Why You’ll Love This Recipe

These muffins combine comfort and nutrition in one simple recipe. The cottage cheese adds moisture and protein without making the muffins dense, while oats create a hearty texture that keeps you full longer. Warm cinnamon and nutmeg give them that classic apple pie flavor, and maple syrup provides natural sweetness without refined sugar.

They are easy to prepare, require only one bowl for wet ingredients and one for dry, and bake in under 20 minutes. Perfect for meal prep, post-workout snacks, or a wholesome breakfast, these muffins are both practical and delicious.

Ingredients

(Tip: You’ll find the full list of ingredients and measurements in the recipe card below.)

1 cup cottage cheese
1 cup rolled oats
1 cup diced apples (about 1 medium apple)
1/2 cup vanilla or unflavored protein powder
1/4 cup pure maple syrup
1 teaspoon ground cinnamon
1/2 teaspoon ground nutmeg
1/2 teaspoon baking powder
1/4 teaspoon salt
2 large eggs
1 teaspoon vanilla extract

Directions

Step 1: Preheat & Prepare
Preheat your oven to 350°F (175°C). Line a 12-cup muffin tin with paper liners or lightly grease each cavity to prevent sticking.

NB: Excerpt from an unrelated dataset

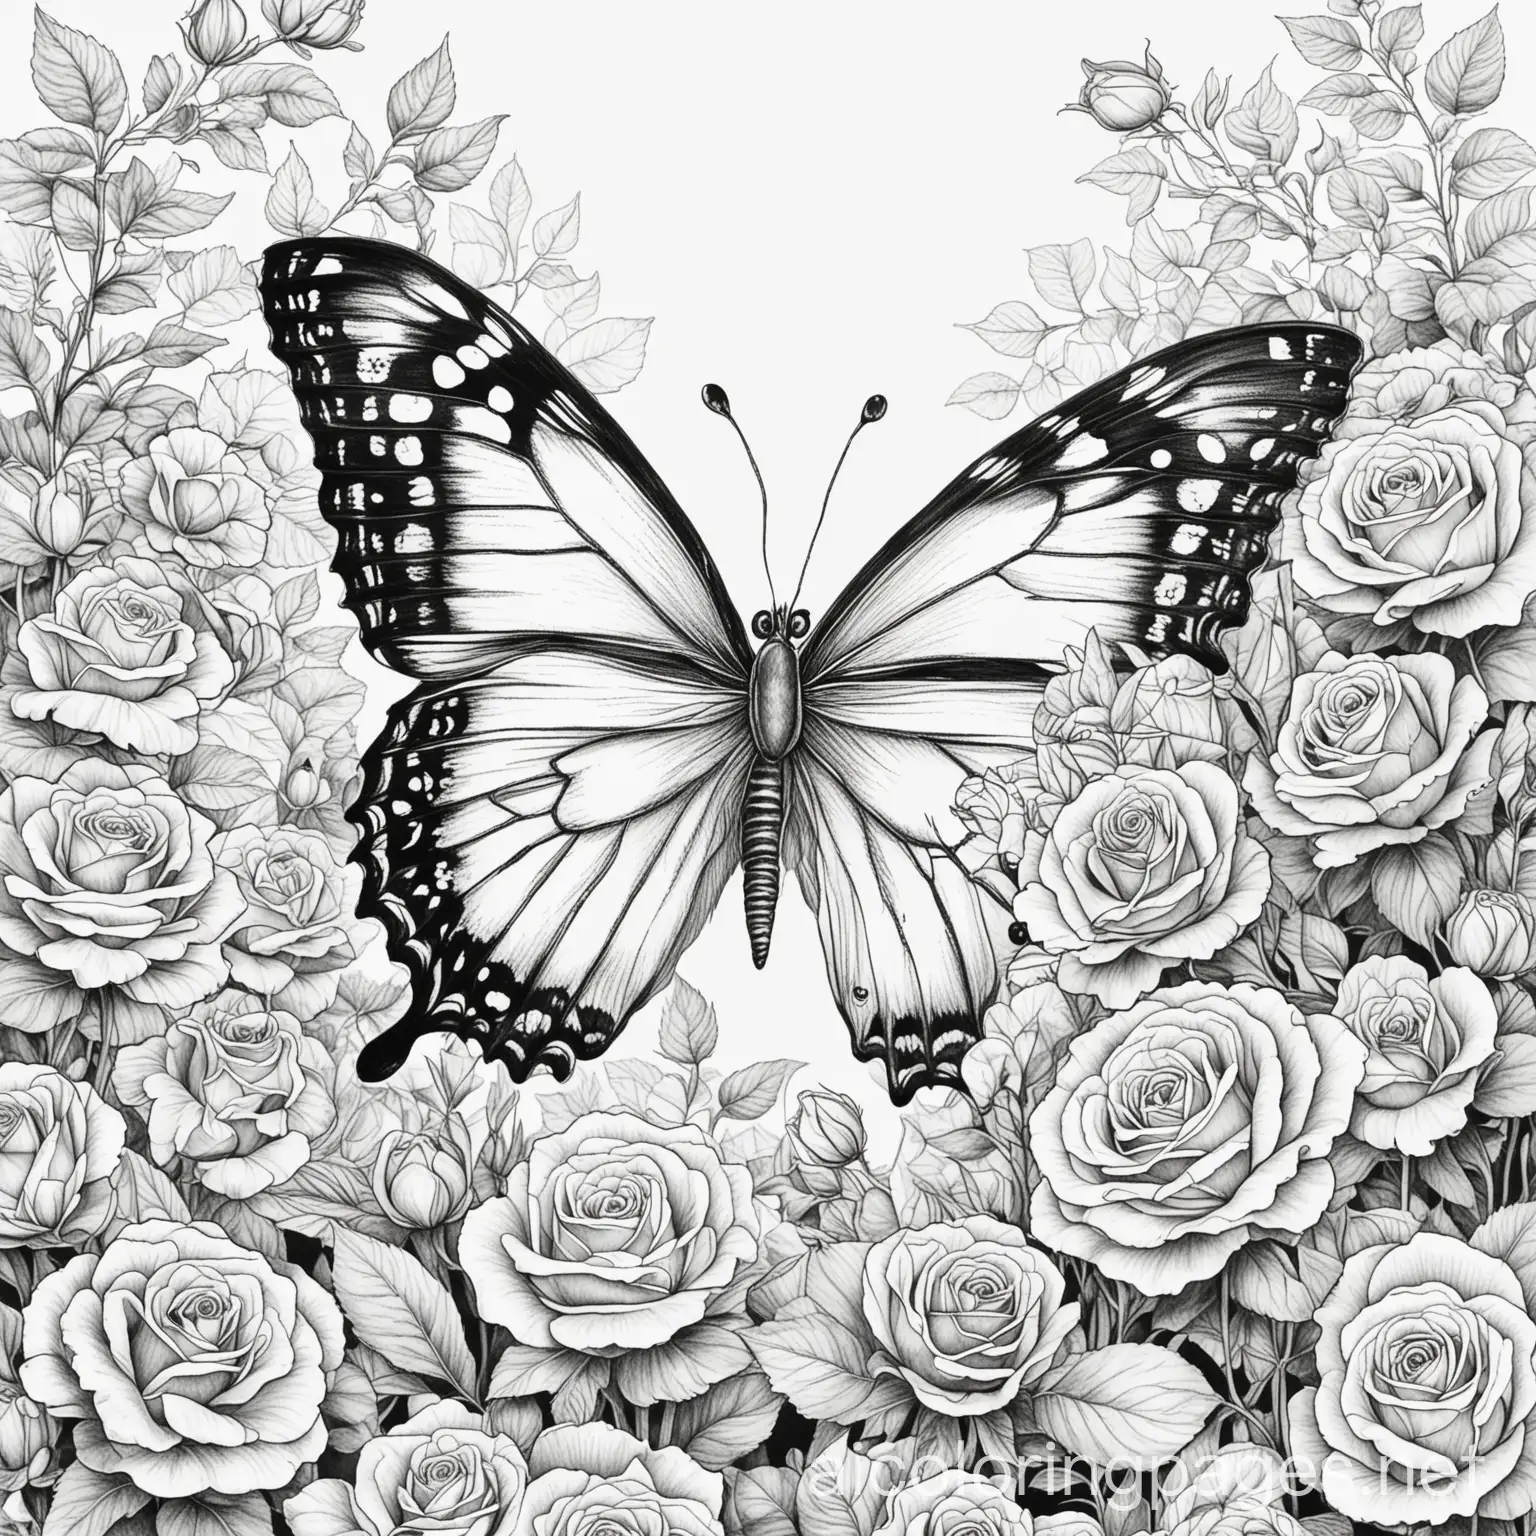 a butterfly in a garden of roses, Coloring Page, black and white, line art, white background, Simplicity, Ample White Space. The background of the coloring page is plain white to make it easy for young children to color within the lines. The outlines of all the subjects are easy to distinguish, making it simple for kids to color without too much difficulty

Step 2: Mix the Wet Ingredients
In a large mixing bowl, combine the cottage cheese, eggs, maple syrup, and vanilla extract. Stir until smooth and well blended. If you prefer a smoother texture, you may blend the cottage cheese beforehand.

Step 3: Combine the Dry Ingredients
In a separate bowl, mix together the oats, protein powder, cinnamon, nutmeg, baking powder, and salt. Stir until evenly combined.

Step 4: Combine & Fold
Gradually fold the dry mixture into the wet ingredients. Mix until just combined. Gently fold in the diced apples, ensuring they are evenly distributed throughout the batter.

Step 5: Bake
Divide the batter evenly among the muffin cups, filling each about two-thirds full. Bake for 18–20 minutes, or until a toothpick inserted into the center comes out clean. Allow the muffins to cool in the pan for 5 minutes before transferring them to a wire rack to cool completely.

Servings and timing

Servings: 12 muffins

Prep Time: 10 minutes
Bake Time: 20 minutes
Total Time: 30 minutes

Approximate Nutrition per Muffin:
150 calories
10g protein
3g fat
20g carbohydrates

Variations

For extra sweetness, use naturally sweet apple varieties such as Fuji or Gala.

Add texture by mixing in 2 tablespoons chopped walnuts or almonds.

For a dairy-free option, substitute cottage cheese with a thick plant-based yogurt and ensure your protein powder is dairy-free.

To enhance the apple pie flavor, add 1/4 teaspoon ground cloves or allspice.

You can also sprinkle a few oats and a light dusting of cinnamon on top before baking for a bakery-style finish.

Storage/Reheating

Store the muffins in an airtight container in the refrigerator for up to 5 days.

For longer storage, freeze them individually wrapped or in a freezer-safe container for up to 3 months.

To reheat, microwave a muffin for 20–30 seconds if refrigerated, or 45–60 seconds if frozen. You can also warm them in a 300°F oven for about 8–10 minutes for a freshly baked texture.

FAQs

Can I use quick oats instead of rolled oats?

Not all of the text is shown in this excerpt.